Spend seed round investments on building a solid software but not building an income stream that can satisfy investors, thus not receiving any new funding and let the company die.

gbickford · on Feb 21, 2024

There's gotta be somewhere in the middle. Vercel's movements feel a lot like the "Embrace, extend, and extinguish" playbook.

Maybe there is a class of developer out there that doesn't get spooked by that but it definitely has created an adversarial place for Vercel in my mind. I feel like I need to be careful when touching anything Vercel have touched so that I don't fall into a trap.

Rauchg · on Feb 21, 2024

If you have any concrete feedback on what we should improve, I’m all ears. We heard feedback from the community that they wanted better documentation and guidance on self-hosting and we shipped it last month[1]. Curious what you’d like to see improved.

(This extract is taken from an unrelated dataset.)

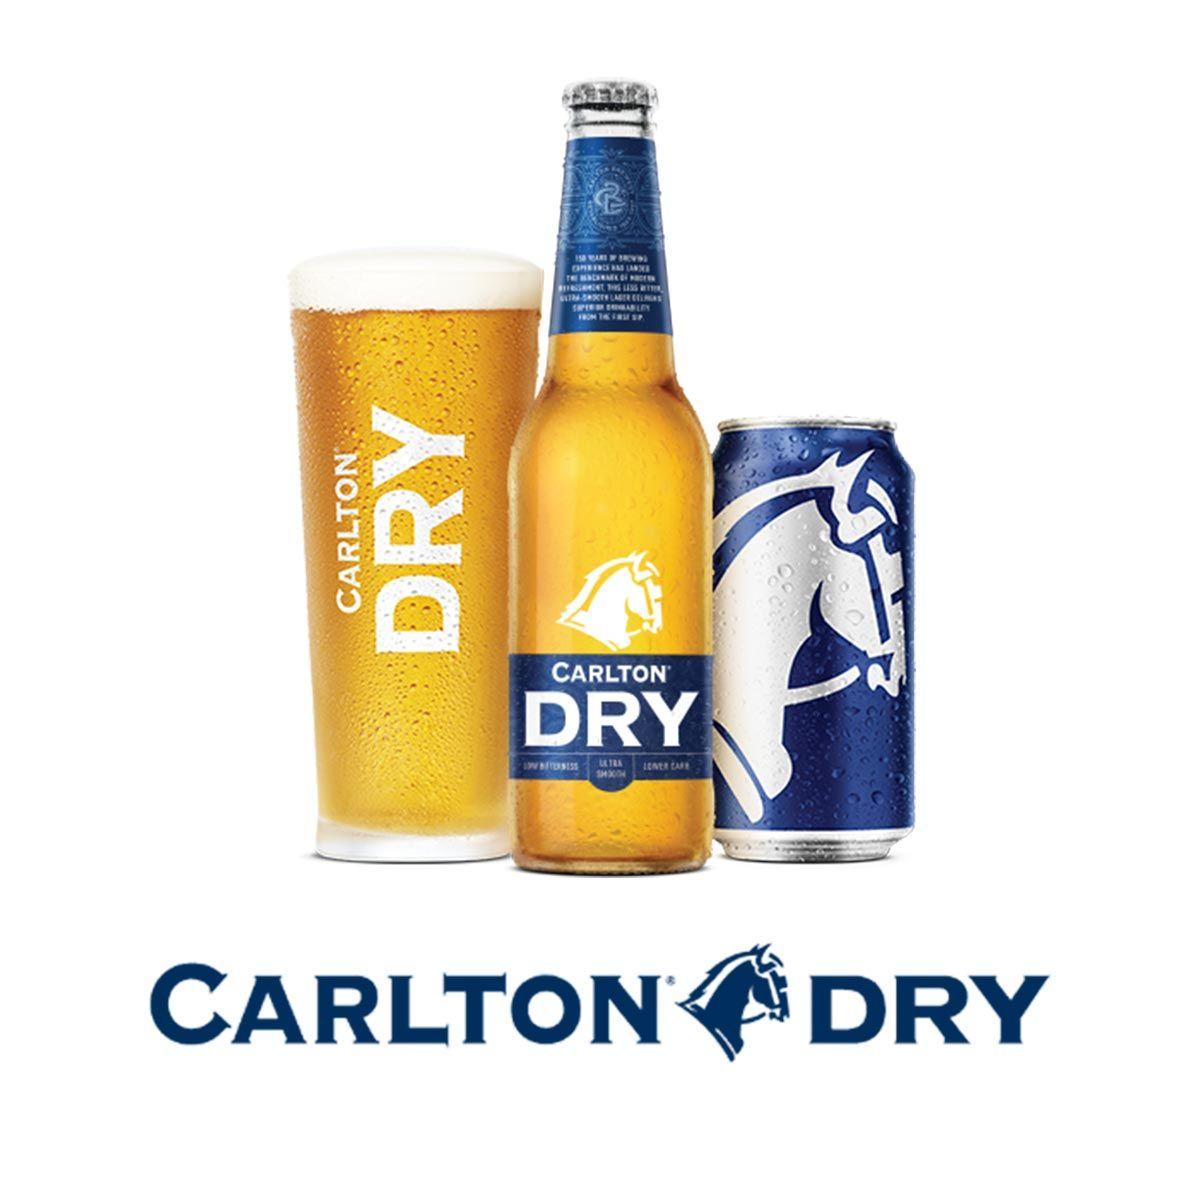 [REVIEW] Carlton Dry Packaging Update

[1] https://nextjs.org/blog/next-14-1#improved-self-hosting

verdverm · on Feb 21, 2024

I just stopped using their NextJS project because you can no longer self host the middleware, they now only support edge runtime and several libraries don't work with it.

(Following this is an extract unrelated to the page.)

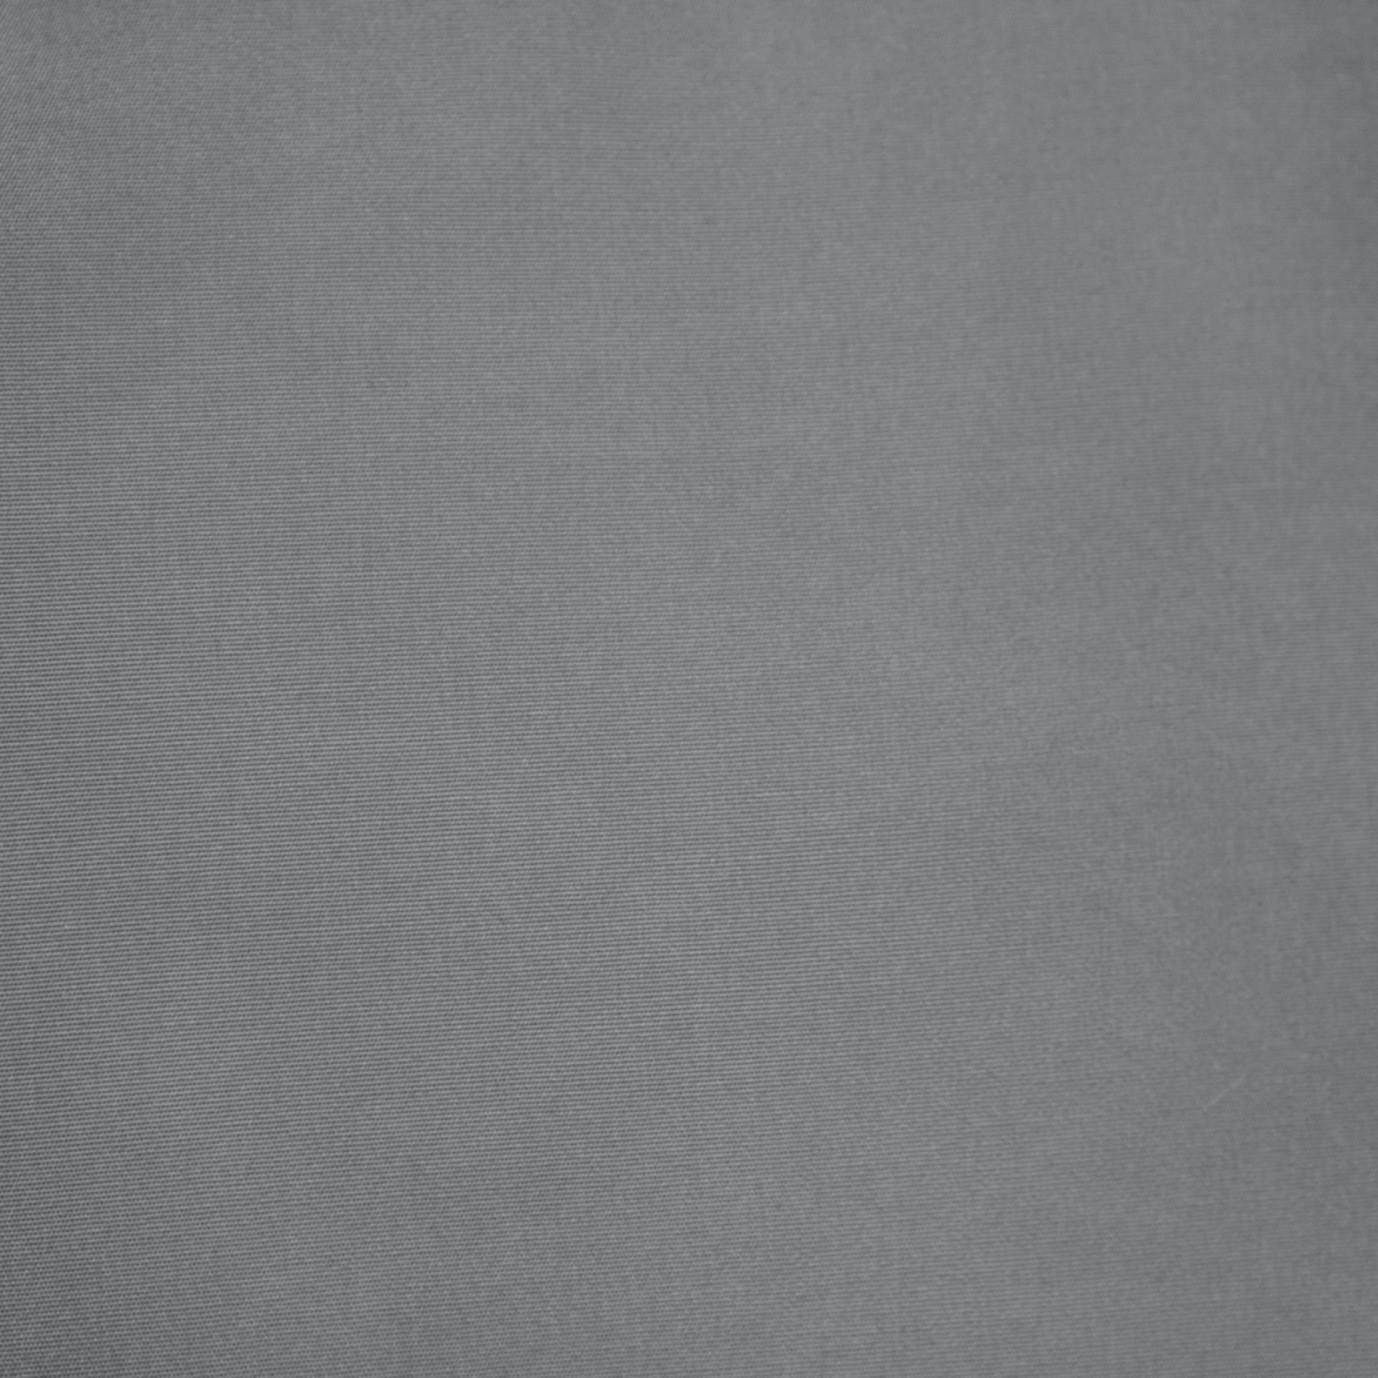 Milo™ Gray Ottomans - Charcoal Gray

I'm calling this situation Fauxpen Source. The recent moves definitely feel anticompetitive or at least trying to force you into using their products

I'm migrating to vite+vike (next/nuxt like experience for any framework)

Rauchg · on Feb 21, 2024

Middleware does work with self-hosting[1]. It’s a more limited runtime that’s based on web standard APIs, which creates optionality for running it in high performance / resource constrained scenarios.

[1] https://nextjs.org/docs/app/building-your-application/deploy...

verdverm · on Feb 21, 2024

It _can_ work, but _won't_ for most real world workloads

Beyond the runtime limitations, it is poorly designed and requires you to effectively write a router when the rest of the system has automatic routing assembly

miohtama · on Feb 20, 2024

> PDFs are specifically a problem: I have complex docs with lots of messy formatting. How do I represent this in the right way so the LLM can understand it?

40 years after PostScript and this is still a problem that one needs to throw AI at. I feel the software development and human-computer interaction took a wrong turn along the way. What happened to the semantic web?

avhon1 · on Feb 20, 2024

It turns out that it takes thought effort to semantically tag/classify everything consistently and completely, so rather than make the decisions, it's easier to just not do it.

madeofpalk · on Feb 20, 2024

What?

We still have 'the web'. PDFs are something different and separate.